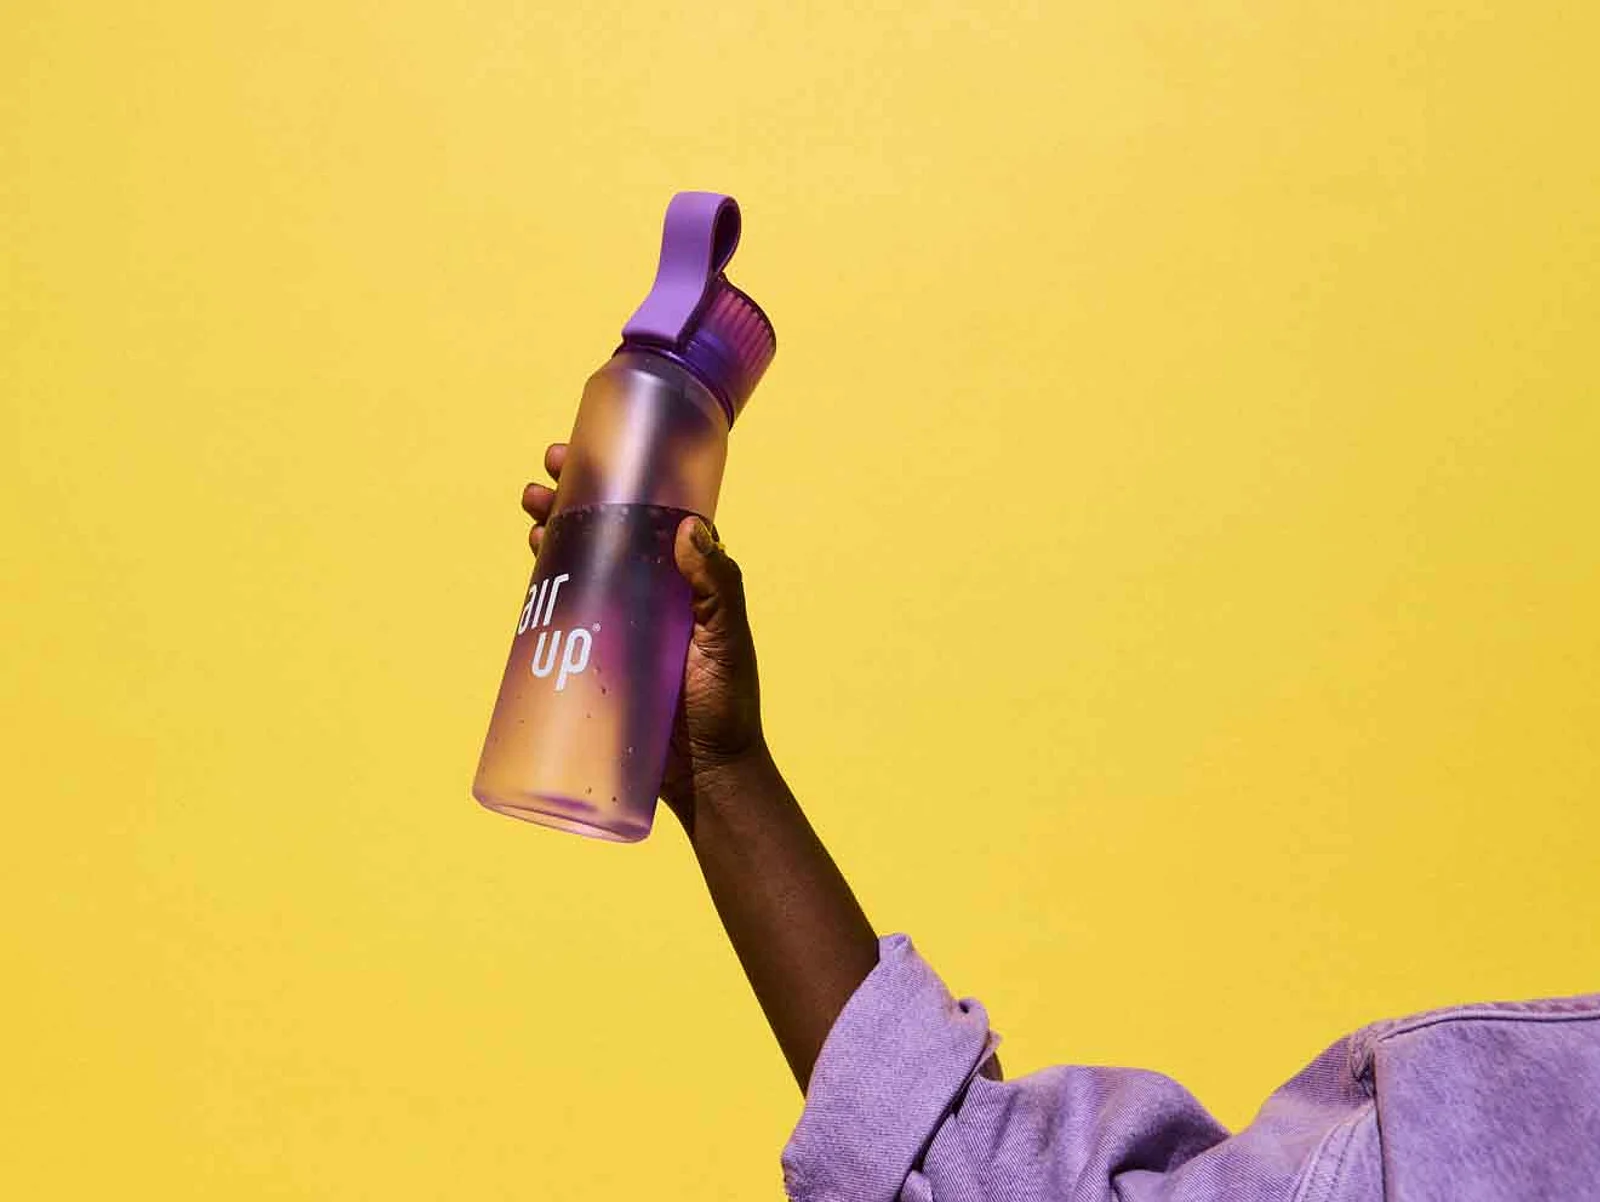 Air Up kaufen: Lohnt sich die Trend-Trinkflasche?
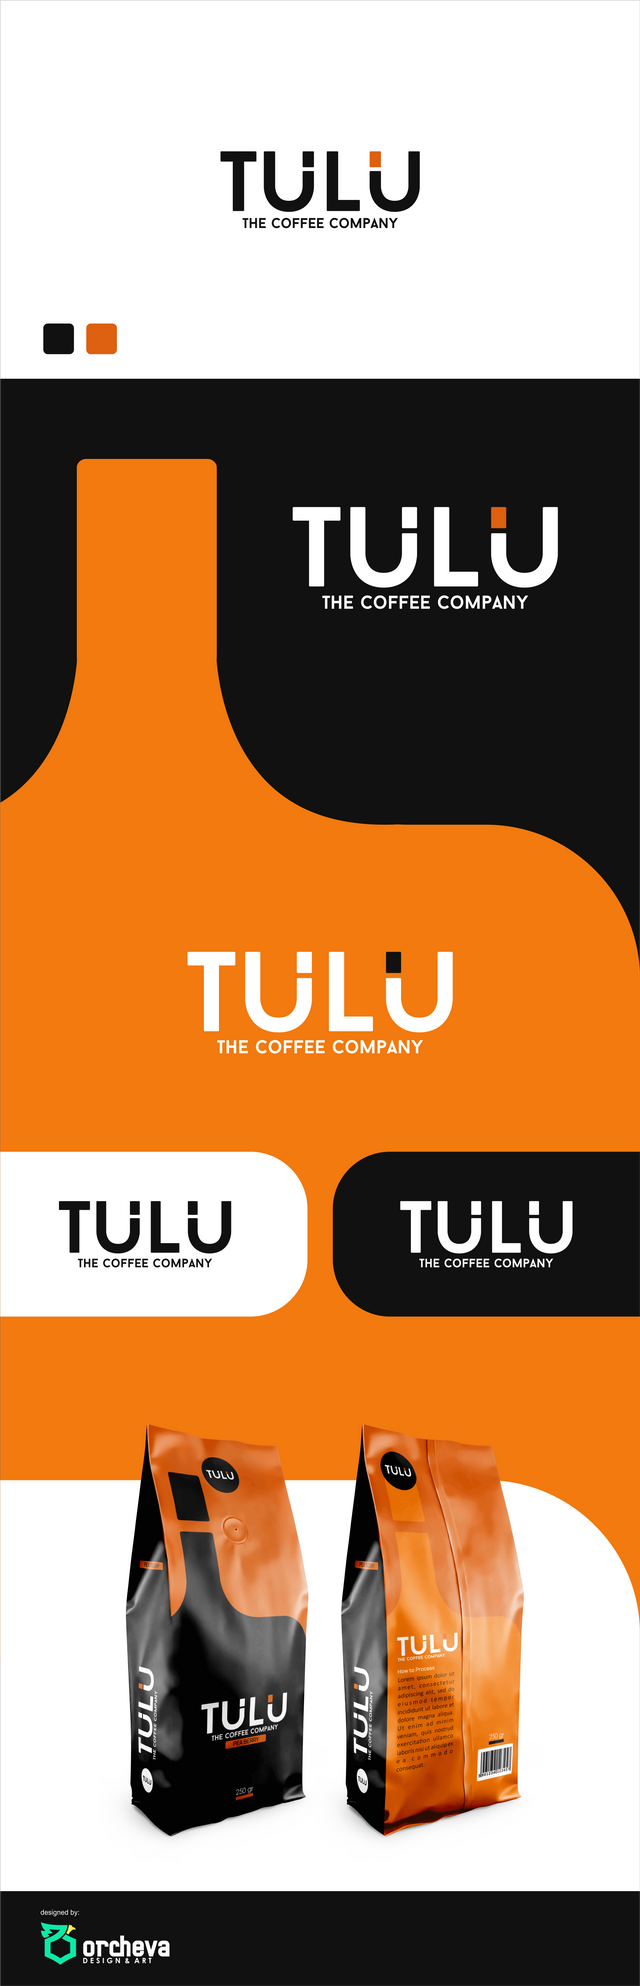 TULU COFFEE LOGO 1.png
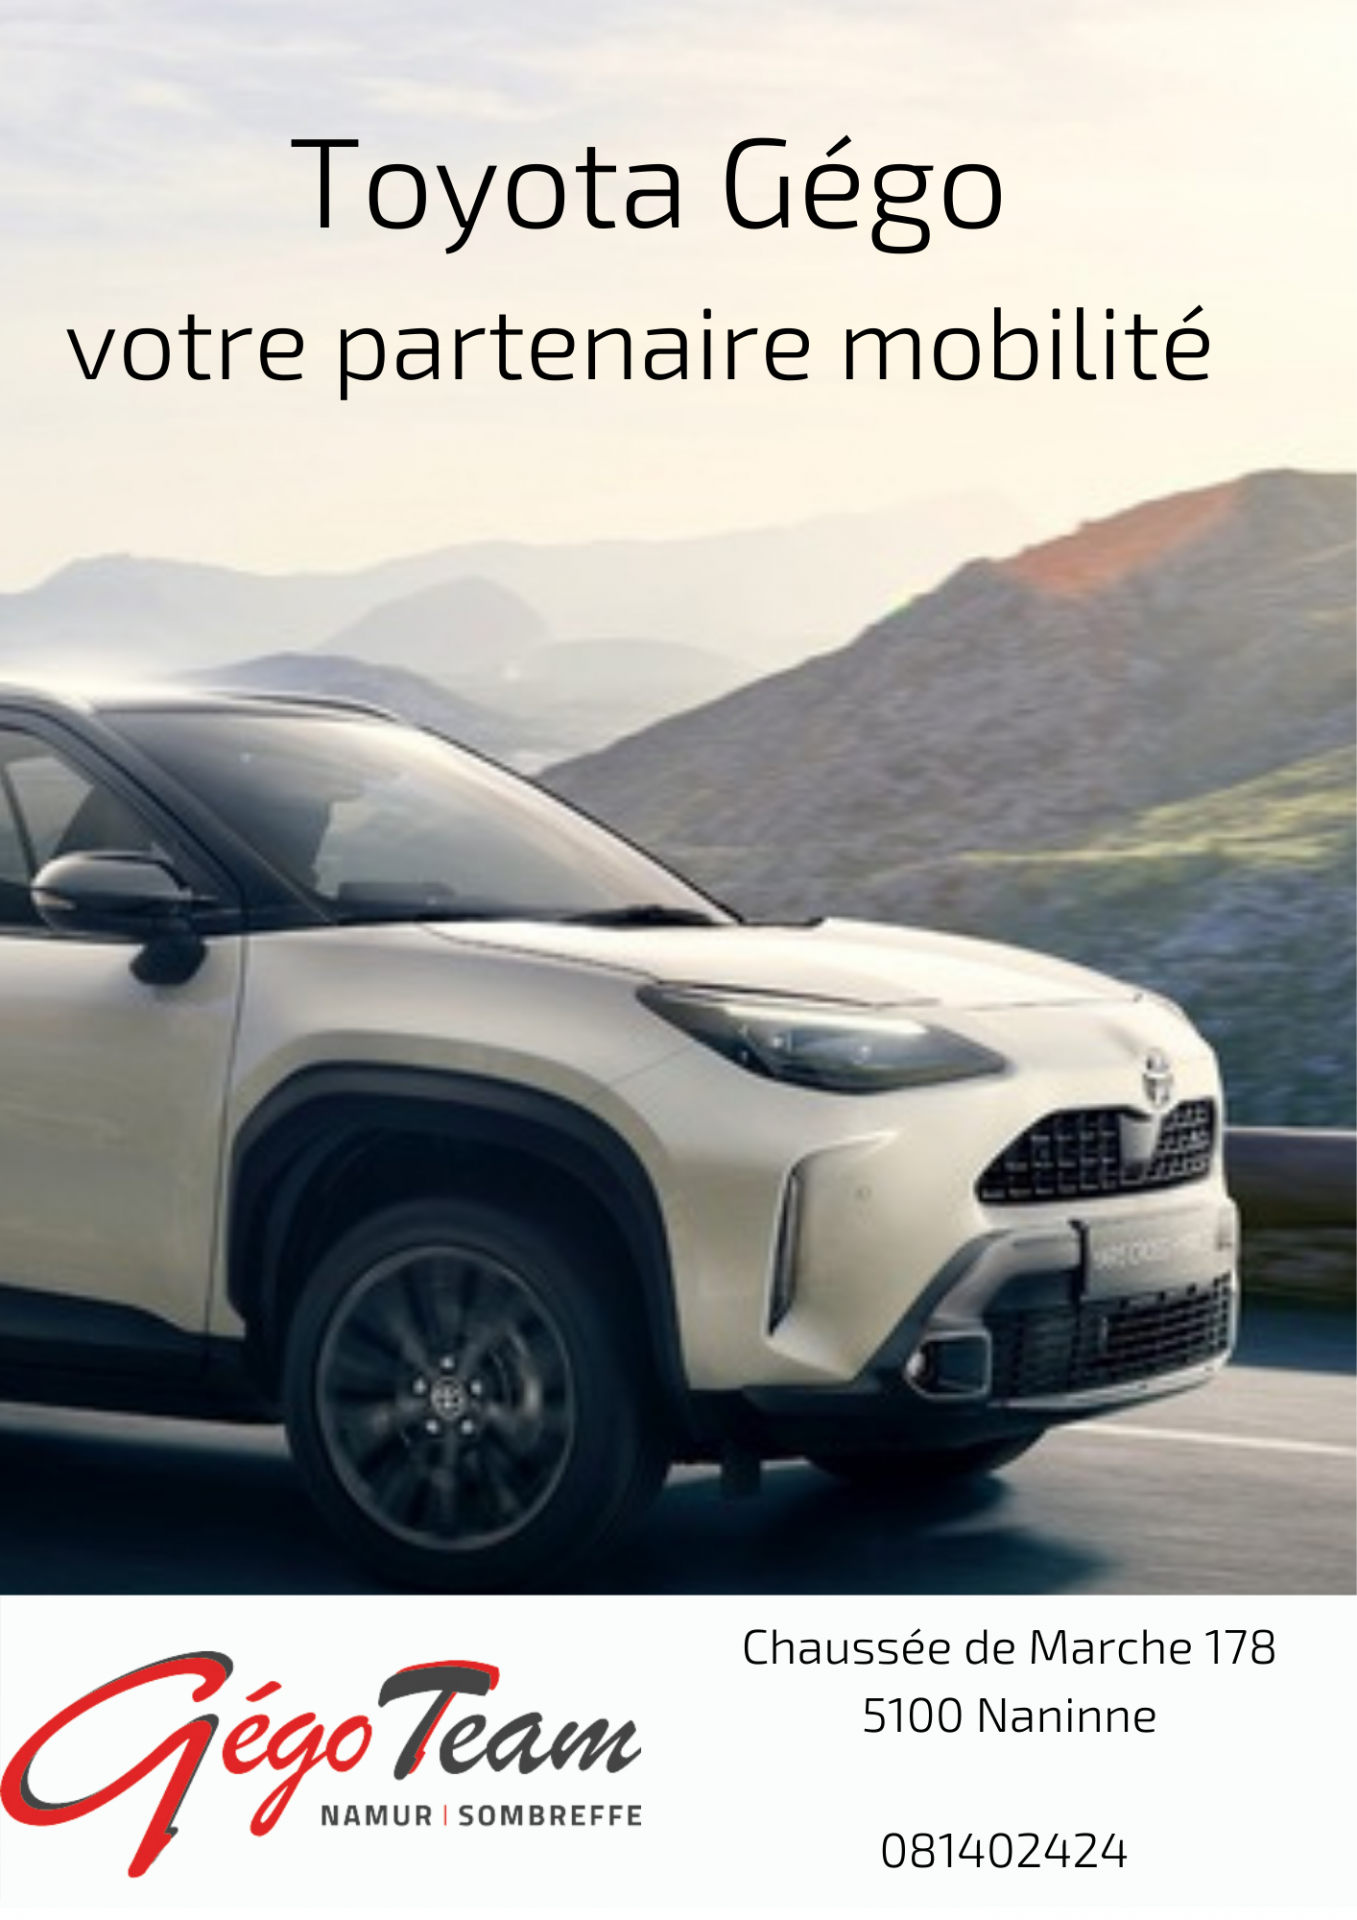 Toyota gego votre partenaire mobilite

• [INSTRUCTIONS FOR THE TASK]:
Using the material above, set down every line exactly, but skip the pictures.

• [TASK RESULT]:
 Air Up kaufen: Lohnt sich die Trend-Trinkflasche?
 TULU COFFEE LOGO 1.png
 Toyota gego votre partenaire mobilite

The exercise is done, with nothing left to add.